#### Instructions for the task:
Your copy starts at the line containing "美容护肤品牌营销社交自媒体设计素材 Social Media" and ends at the last line below. Copy exactly, without pictures.

§ §

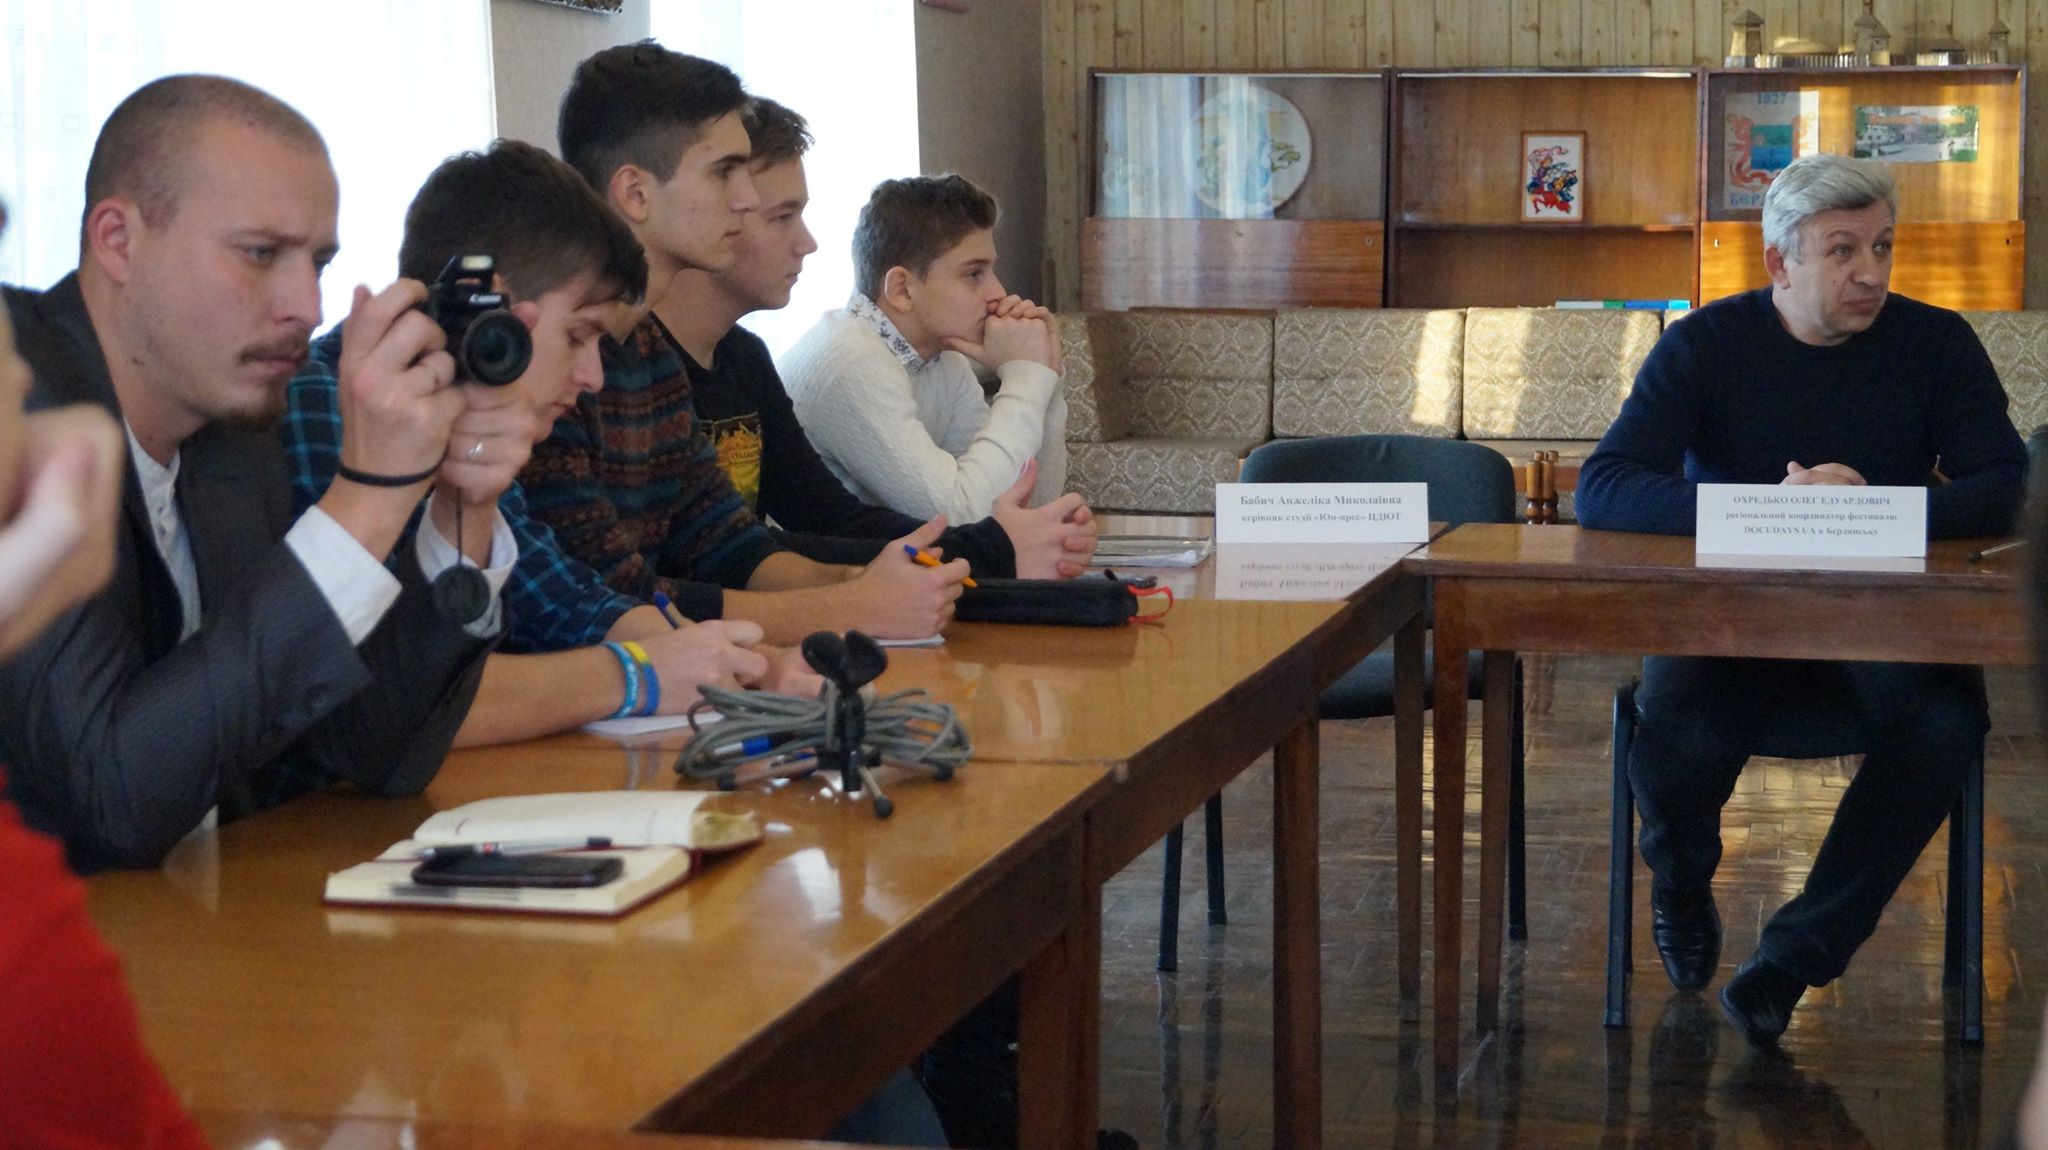 XII Путешествующий фестиваль документального кино про права человека Docudays UA прибыл в Бердянск - картинка 3
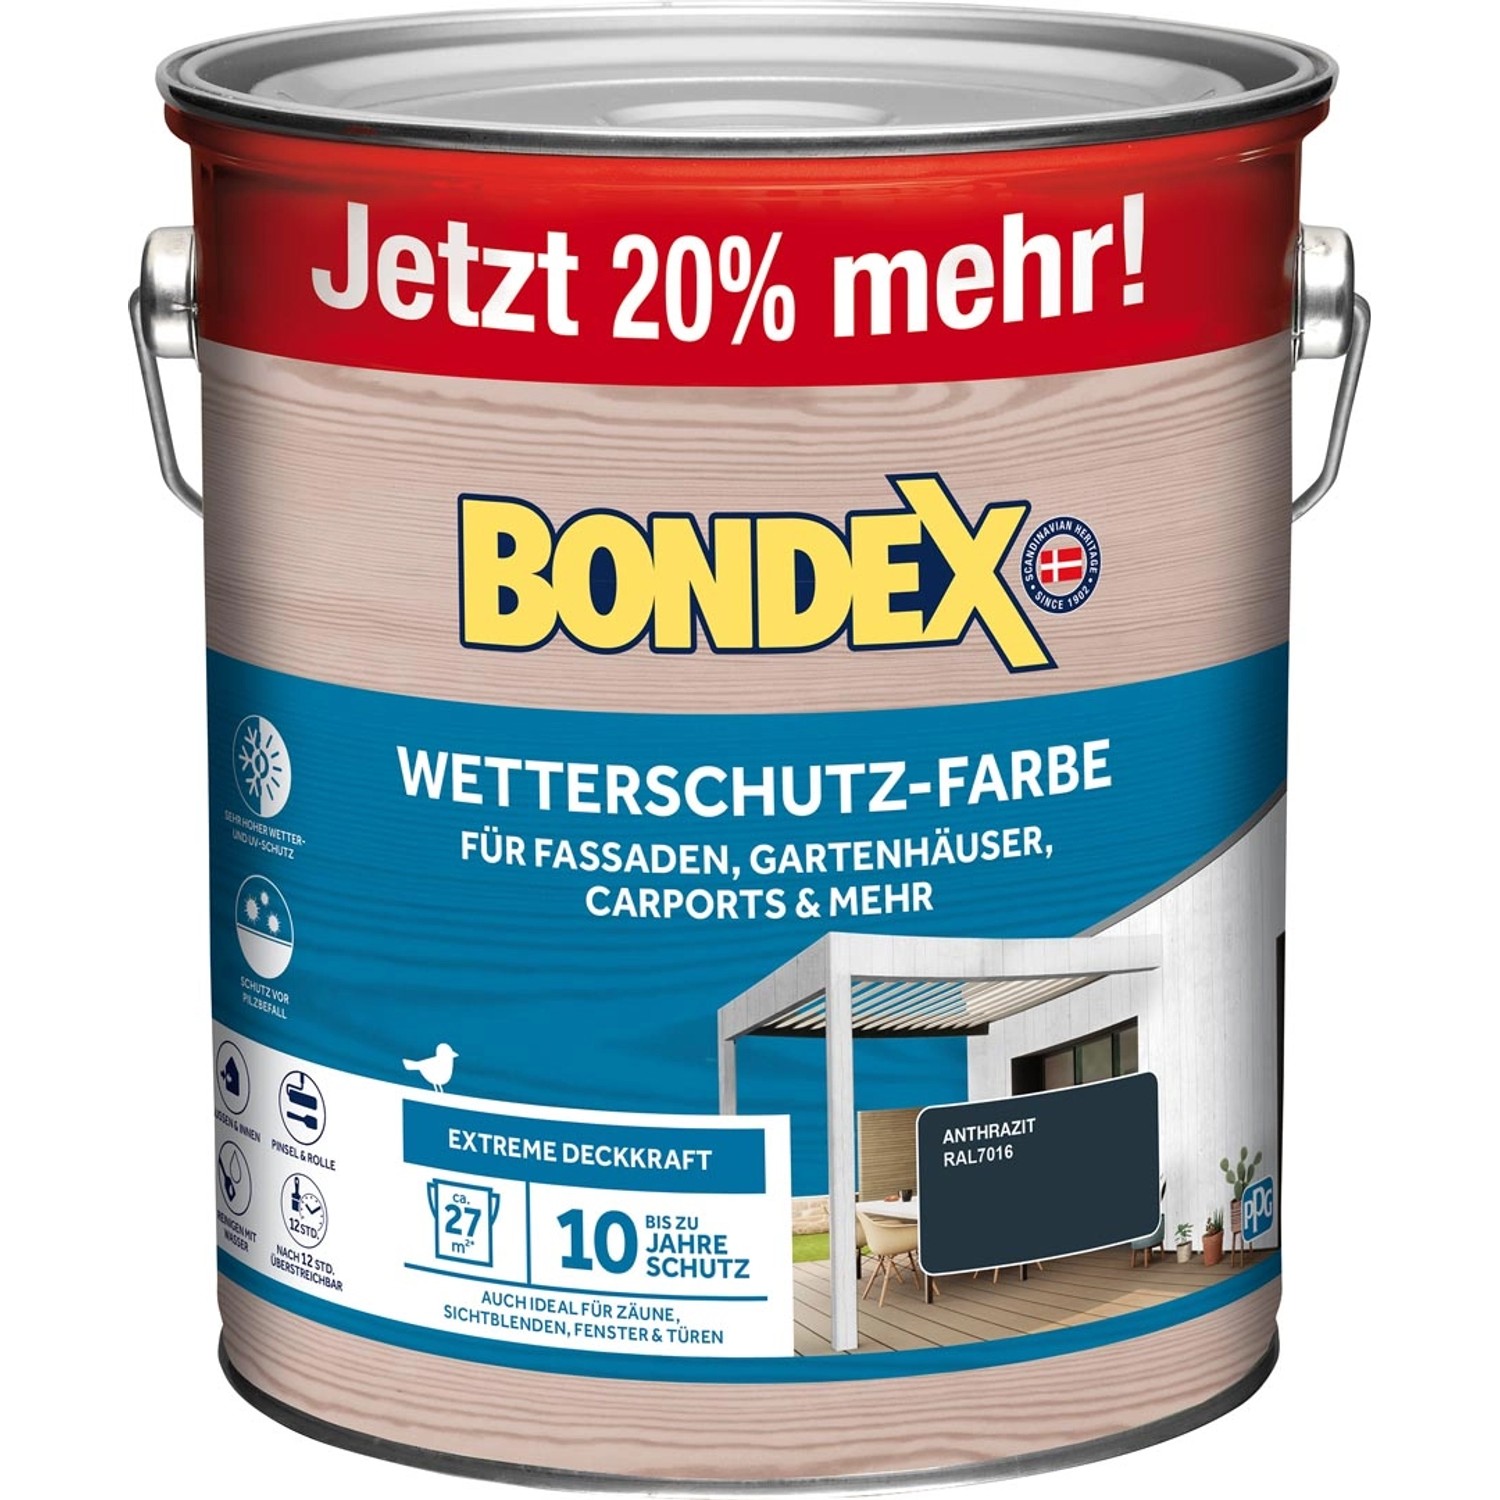 Bondex Wetterschutz-Farbe RAL 7016 Anthrazitgrau - 3 l reicht für ca. 27 m²
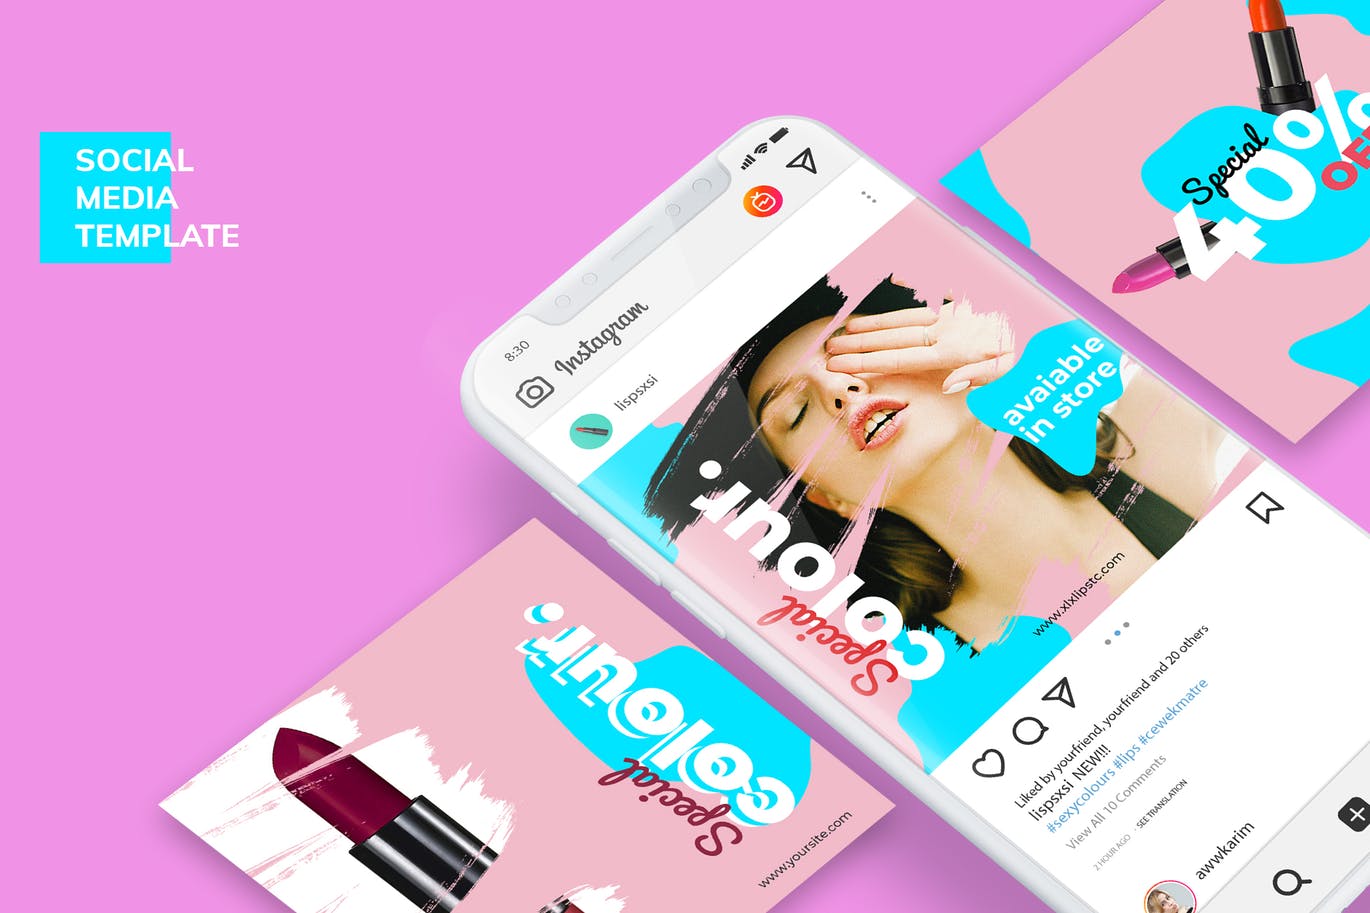 美容护肤品牌营销社交自媒体设计素材 Social Media Kit Cosmetics插图
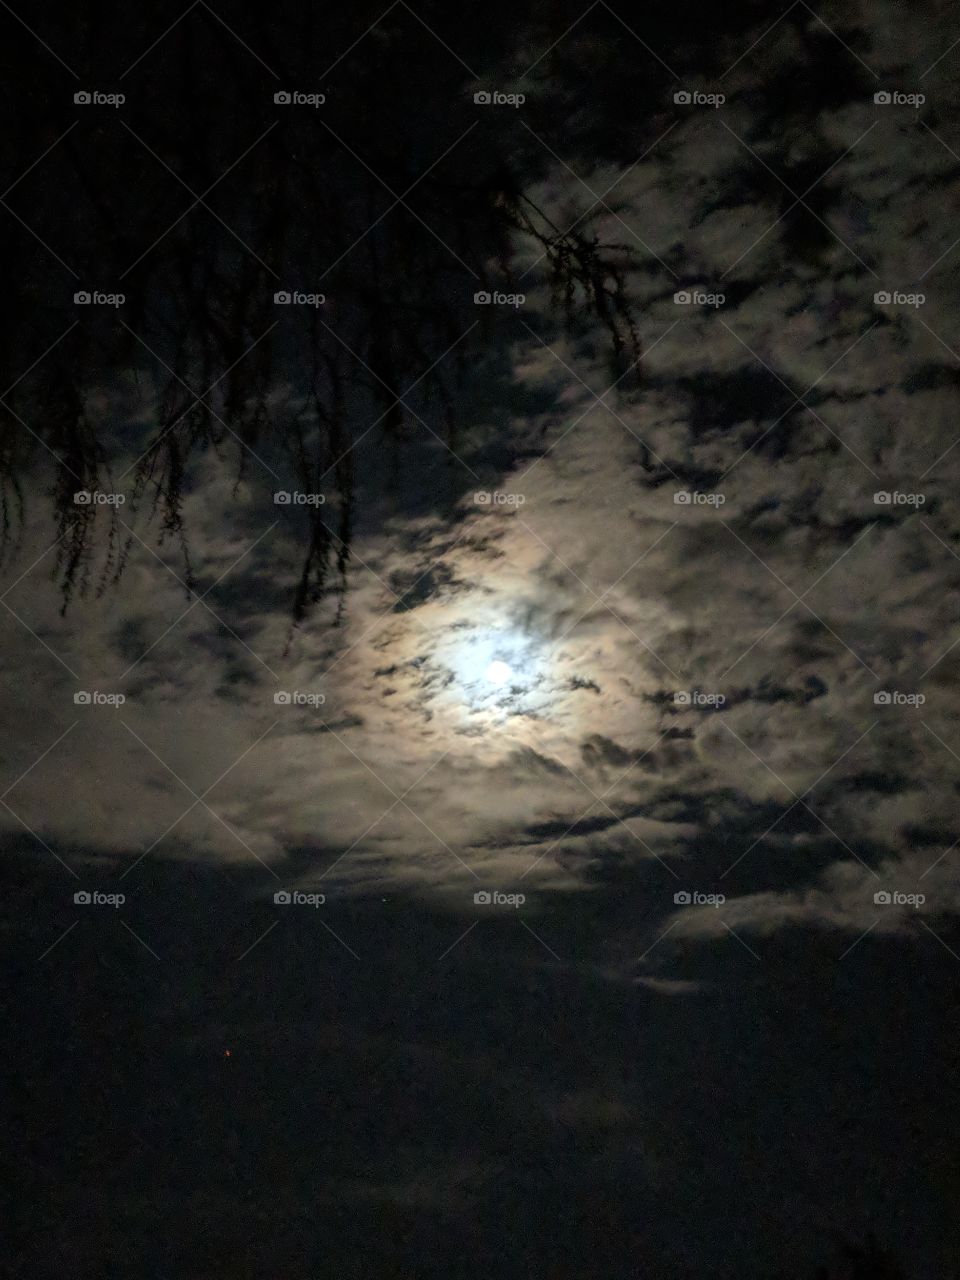 Night moon
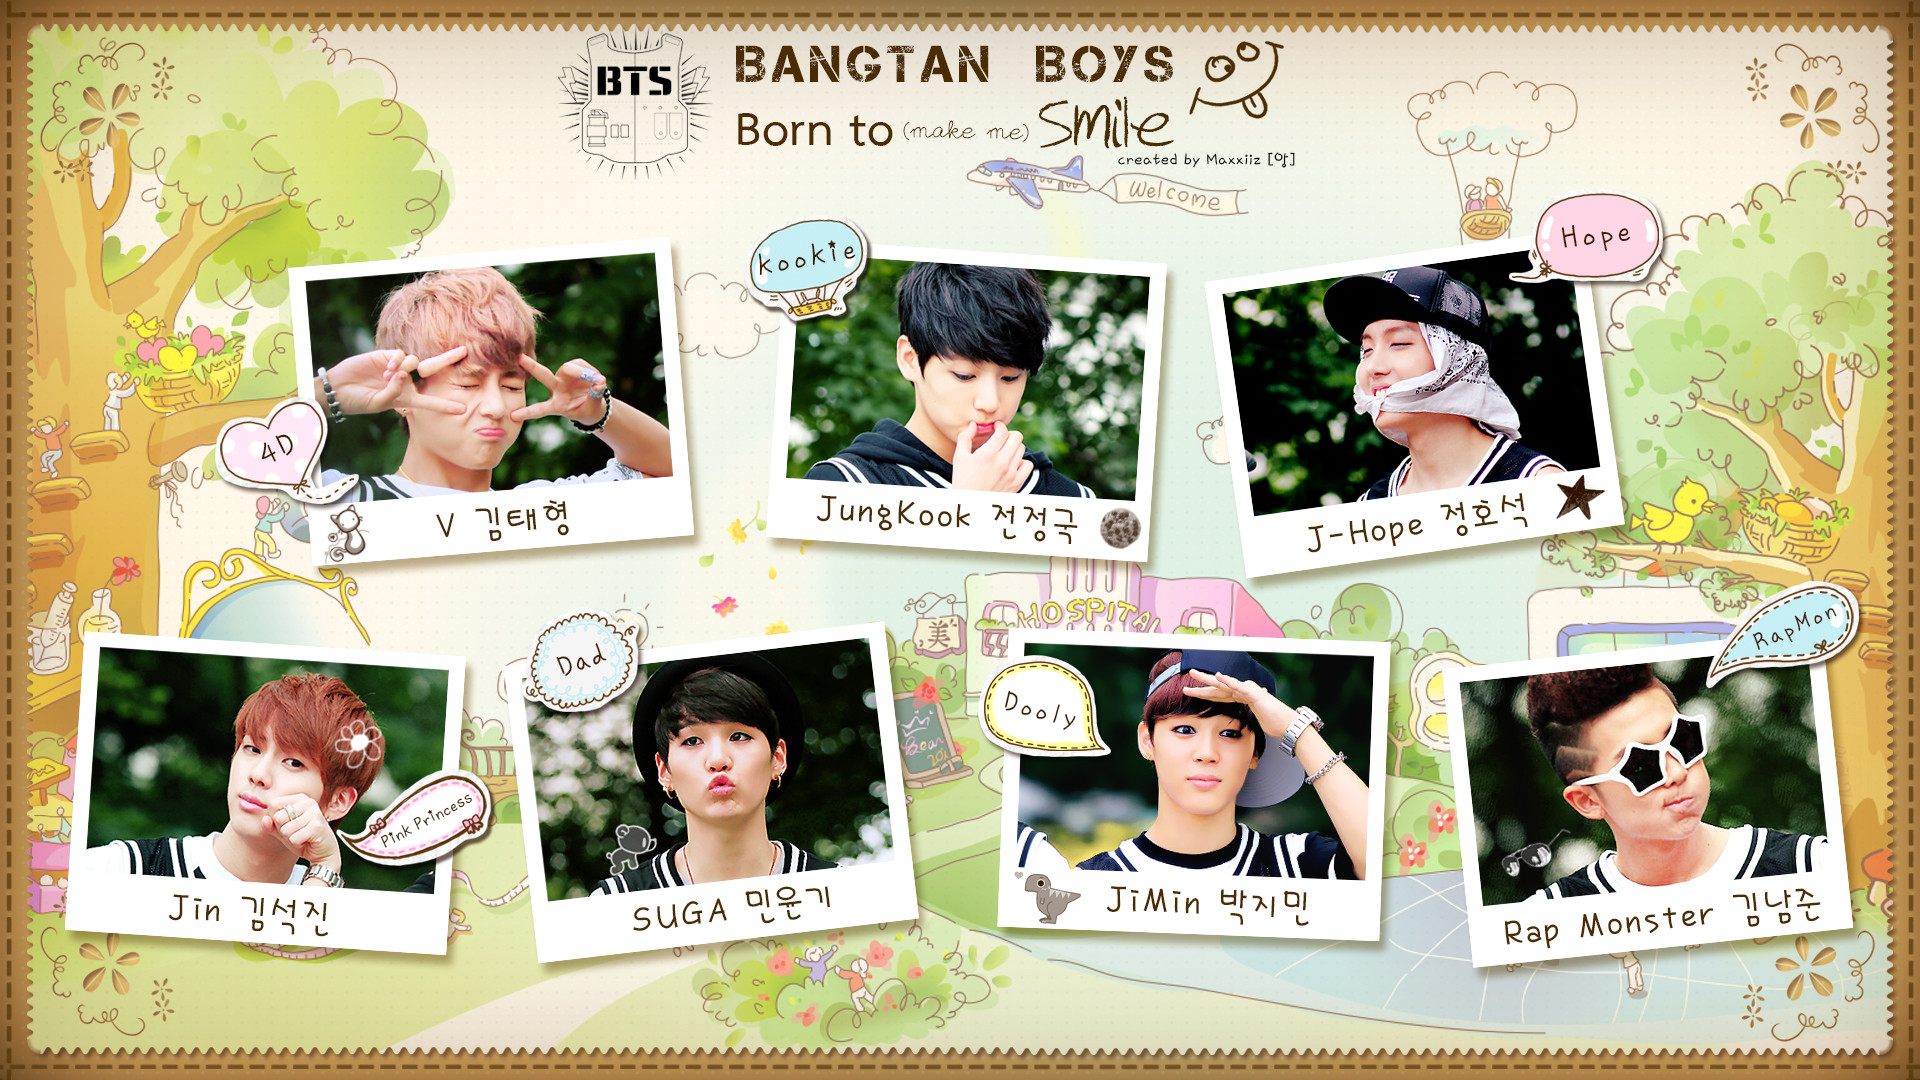 1920x1080 BTS images â¥ Bangtan Boys!~ â¥ HD wallpaper and background photos

§ §

#### Answer to this task:
 美容护肤品牌营销社交自媒体设计素材 Social Media Kit Cosmetics插图
 Night moon
 1920x1080 BTS images â¥ Bangtan Boys!~ â¥ HD wallpaper and background photos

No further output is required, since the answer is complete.